> EXERCISE:
Don't include any picture when you restate the data word for word.

> DATA PROVIDED:

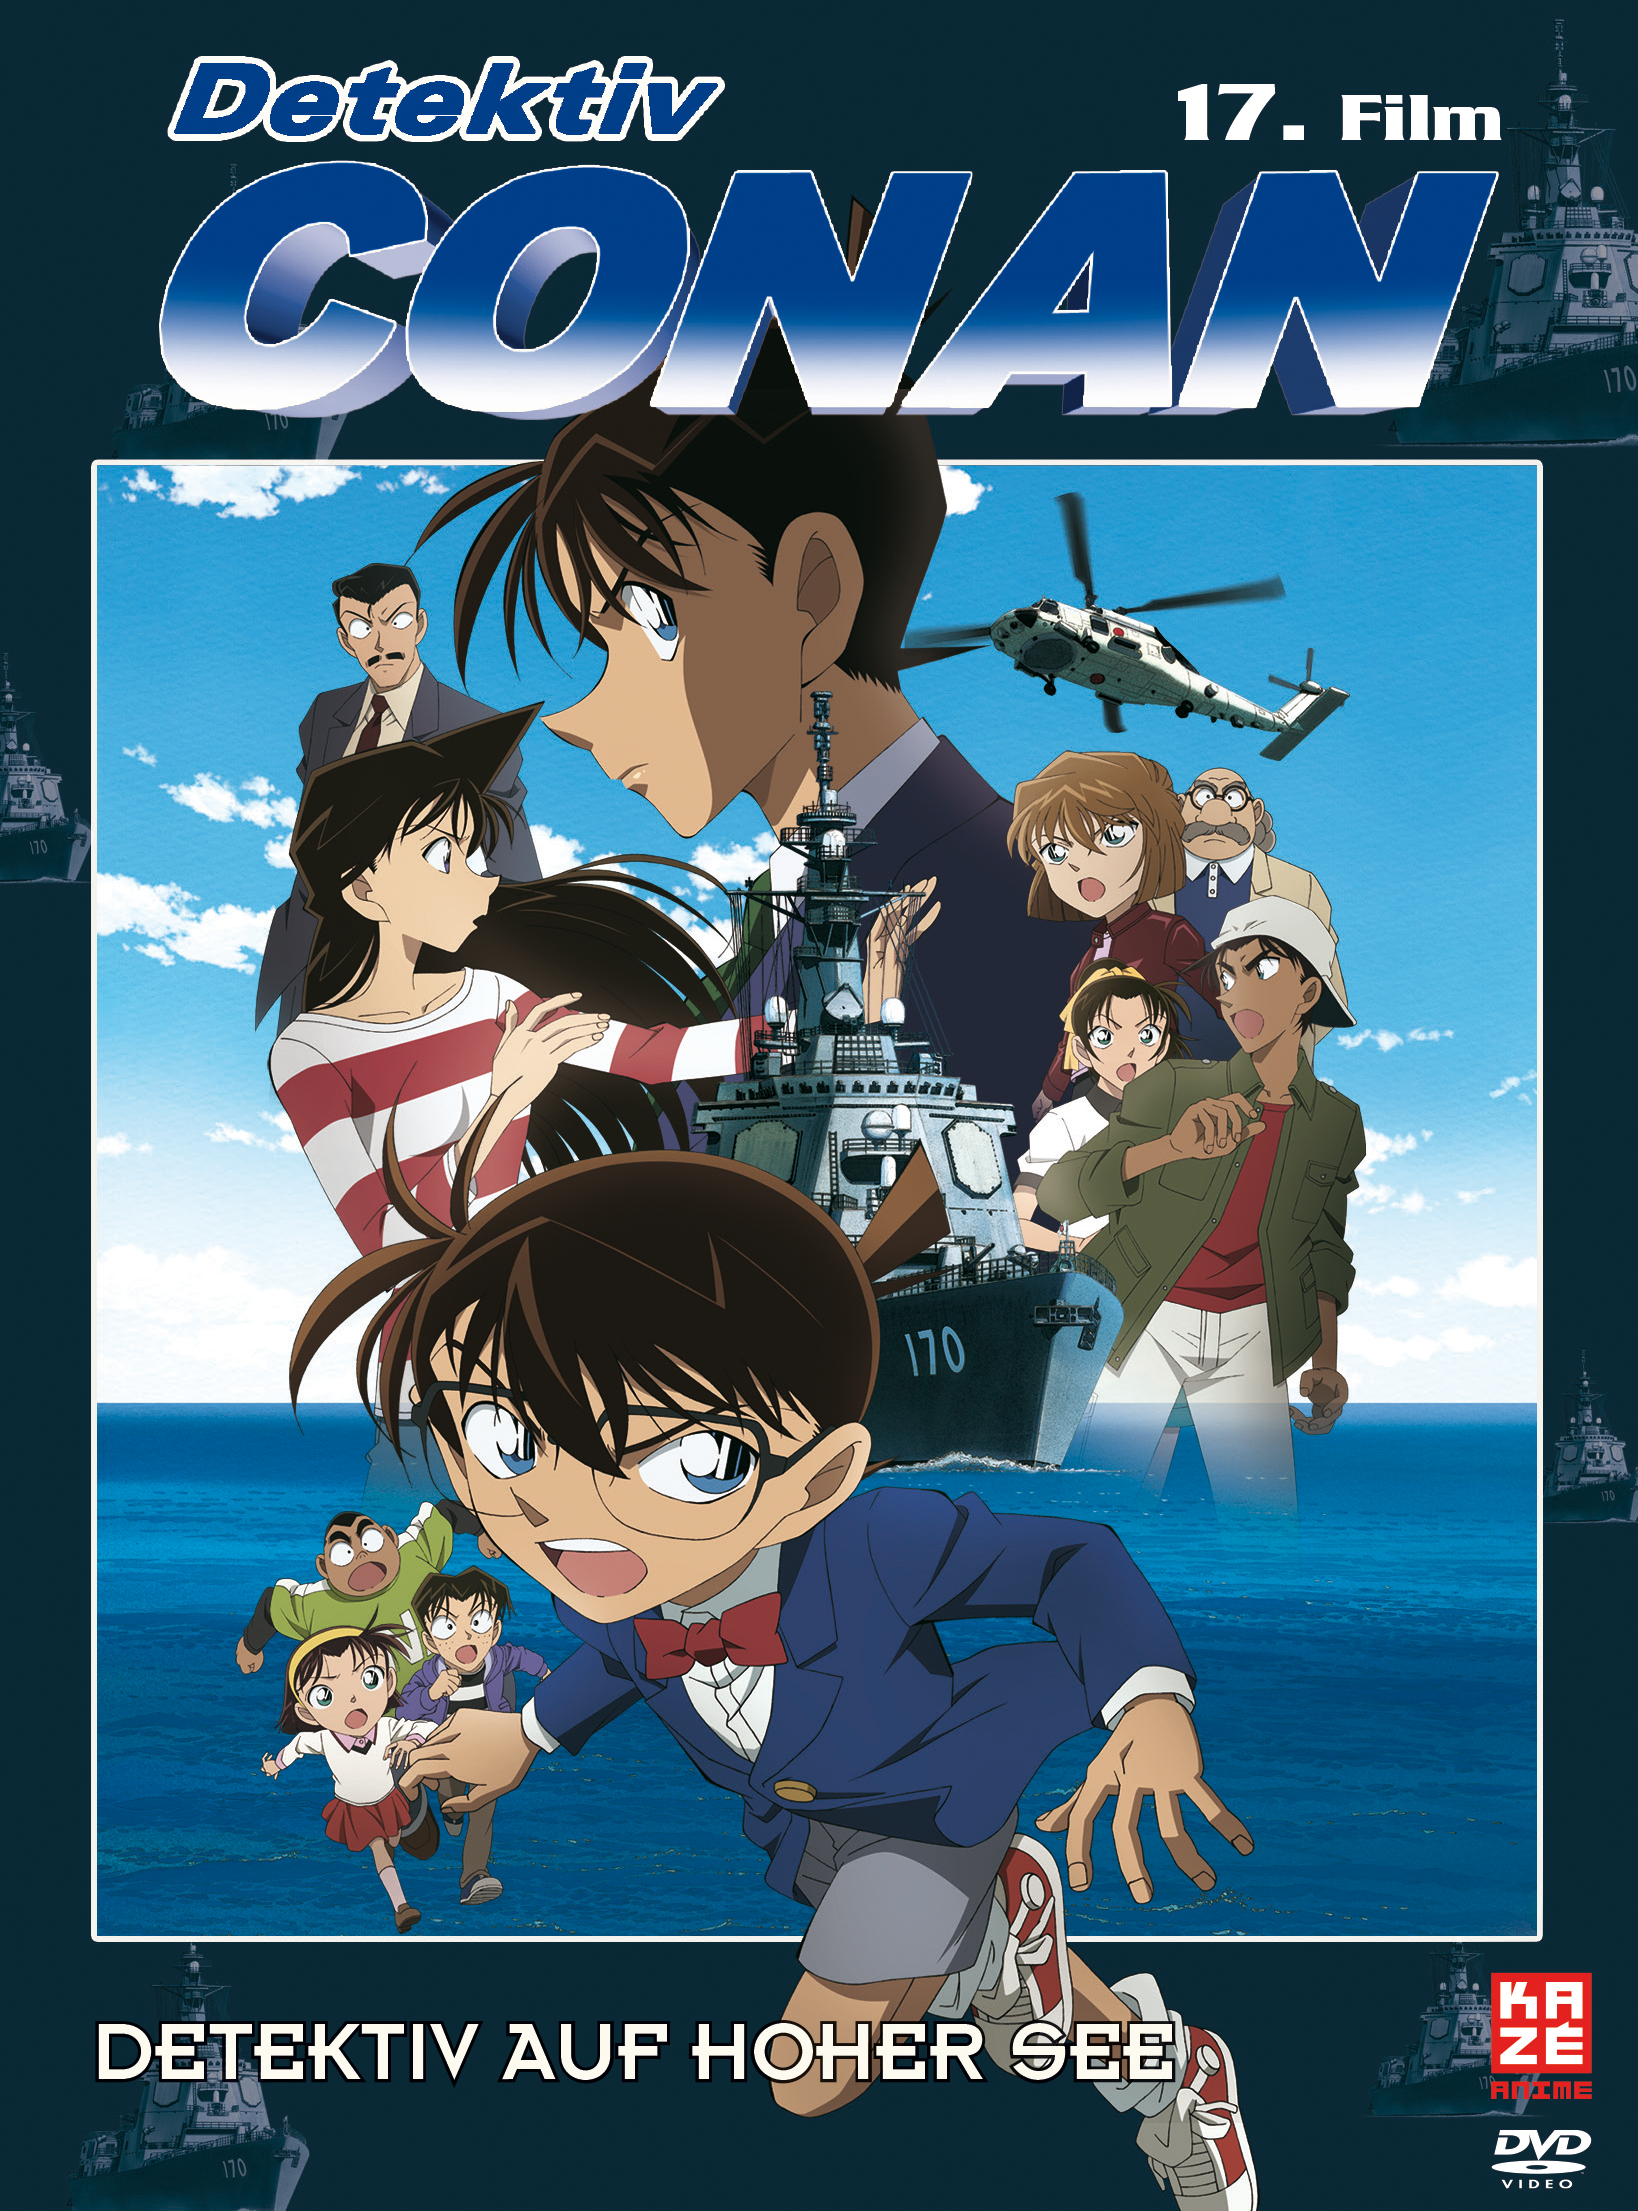 Detektiv Conan 17. Film Detektiv auf hoher See DVD
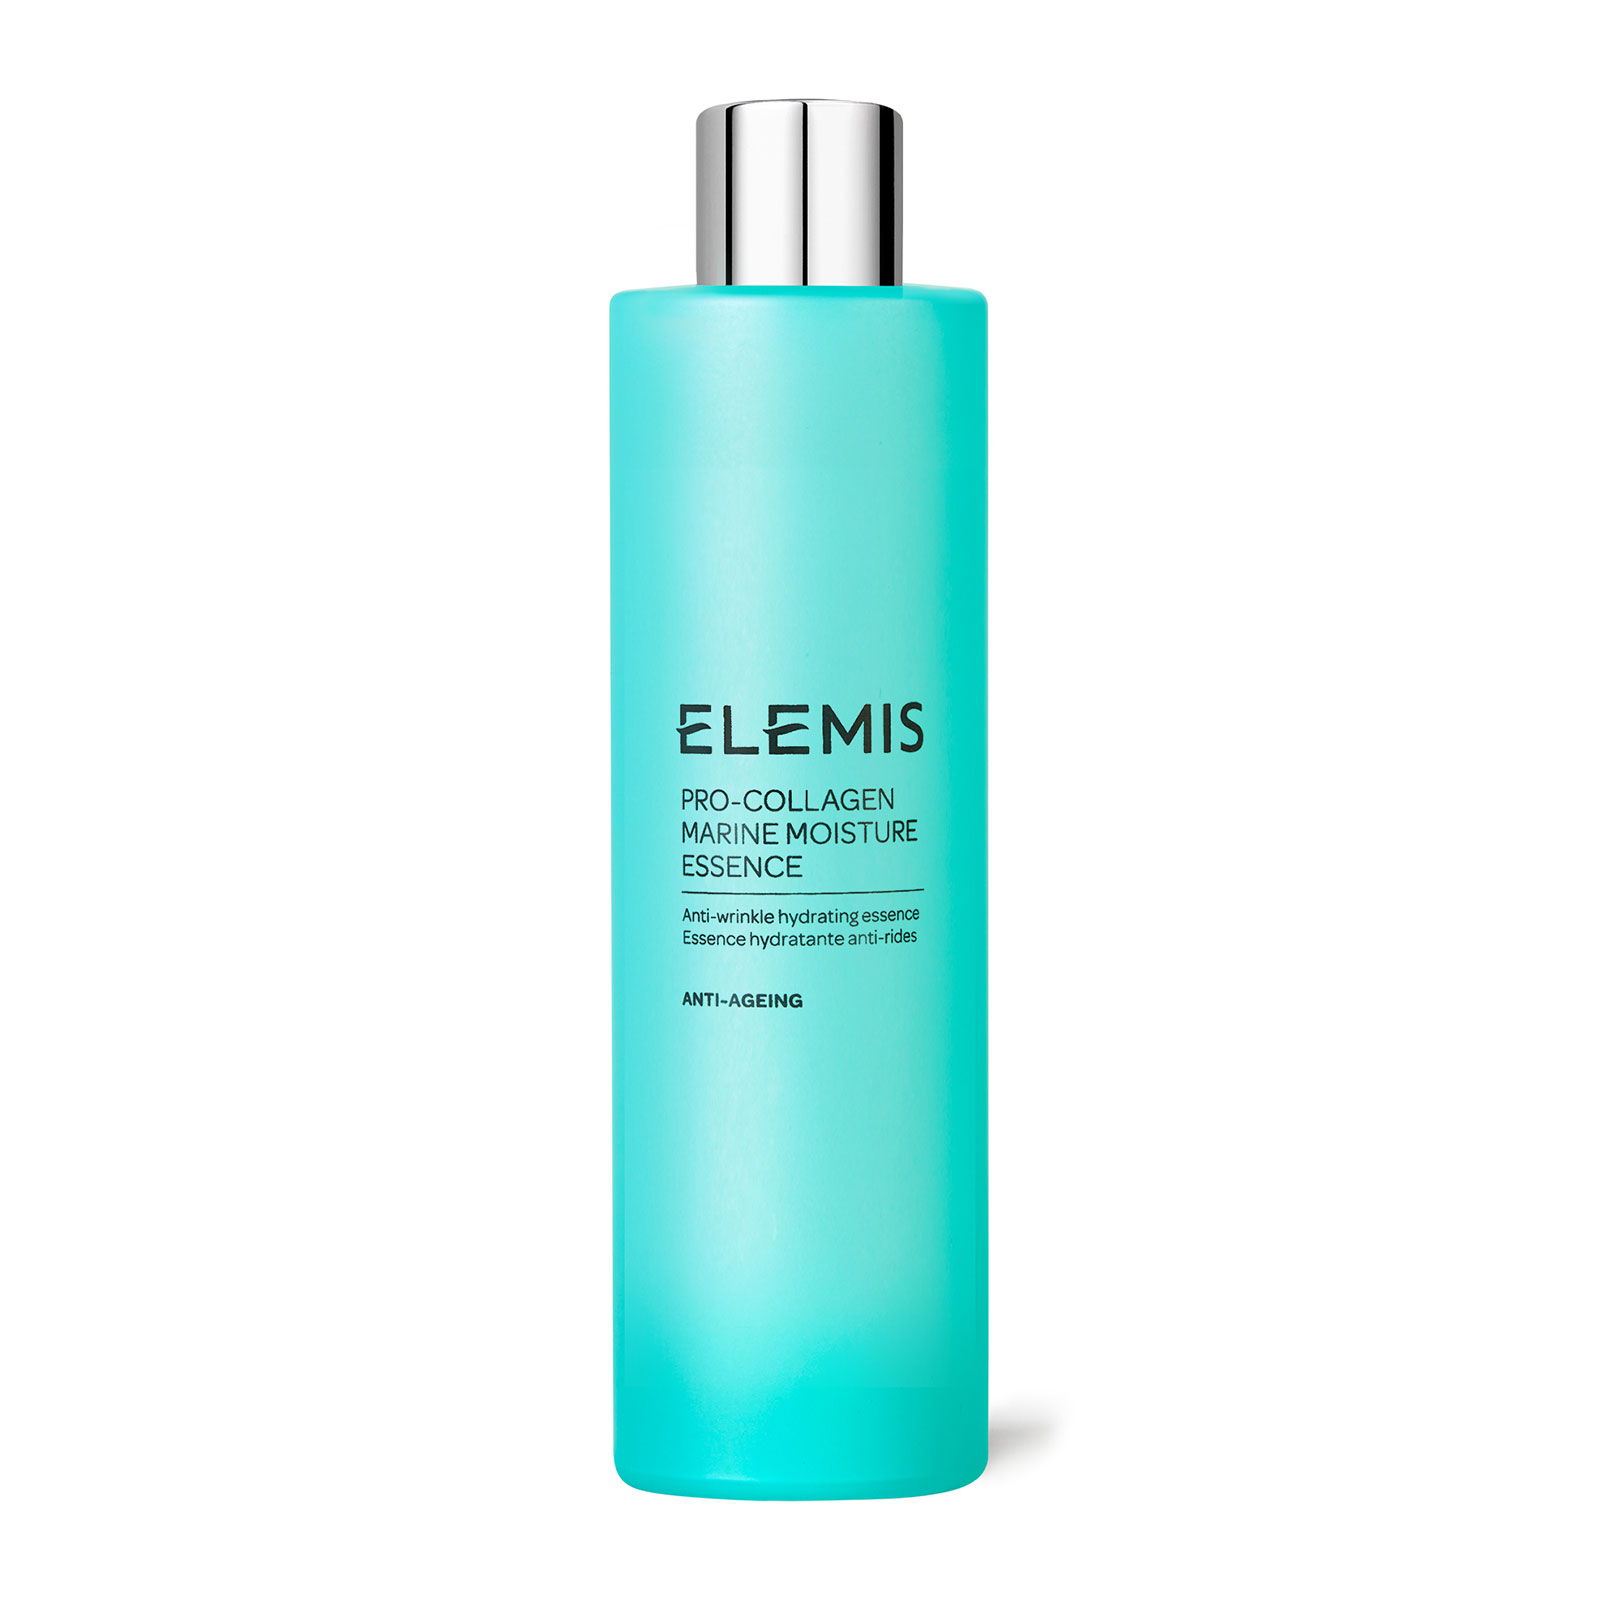 ELEMIS Pro-Collagen Marine Moisture Essence Supersize 200ml
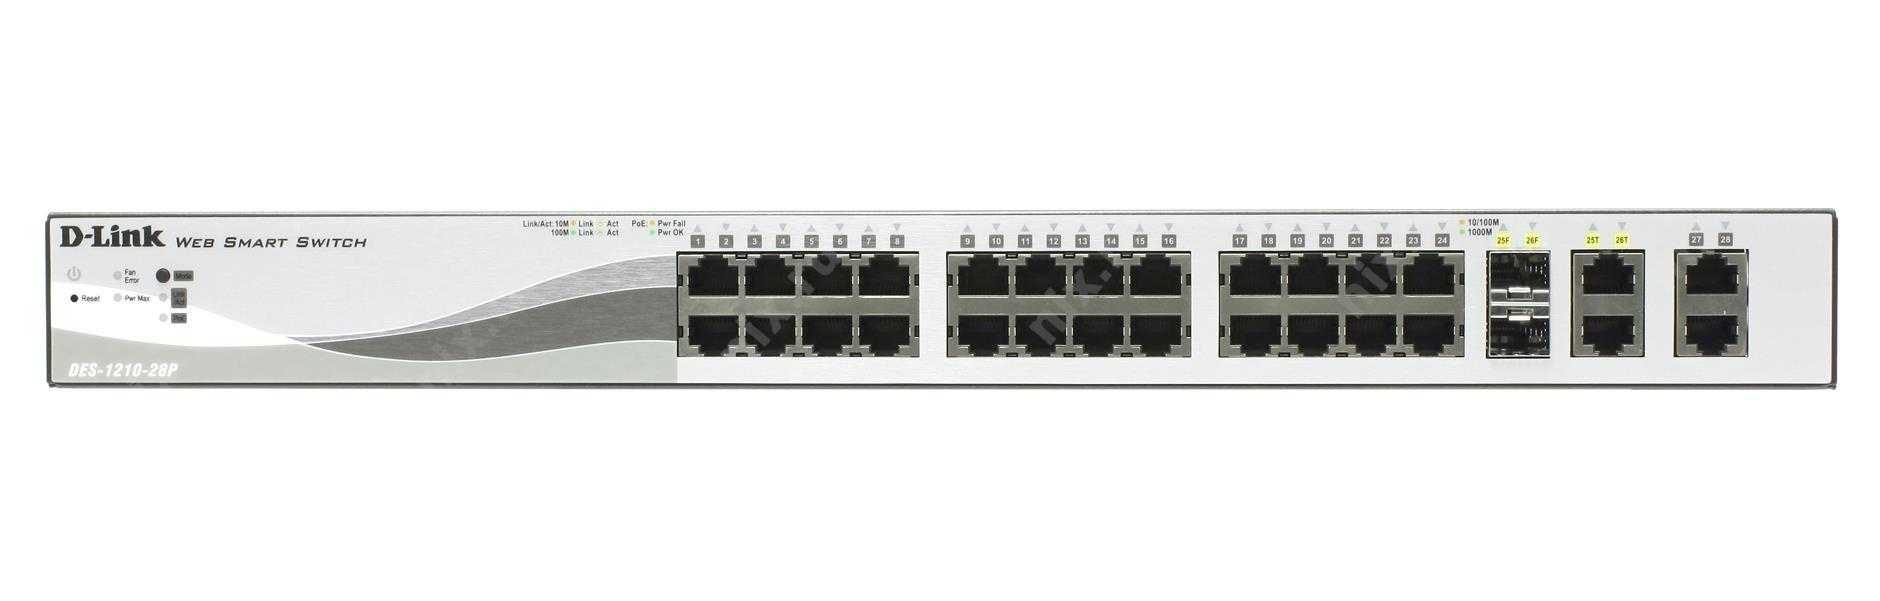 Коммутатор d-link web smart switch des-1210-28 / c1a 28 x rj45 — купить, цена и характеристики, отзывы

> EXPECTED OUTPUT:
 Detektiv Conan 17. Film Detektiv auf hoher See DVD
 ELEMIS Pro-Collagen Marine Moisture Essence Supersize 200ml
 Коммутатор d-link web smart switch des-1210-28 / c1a 28 x rj45 — купить, цена и характеристики, отзывы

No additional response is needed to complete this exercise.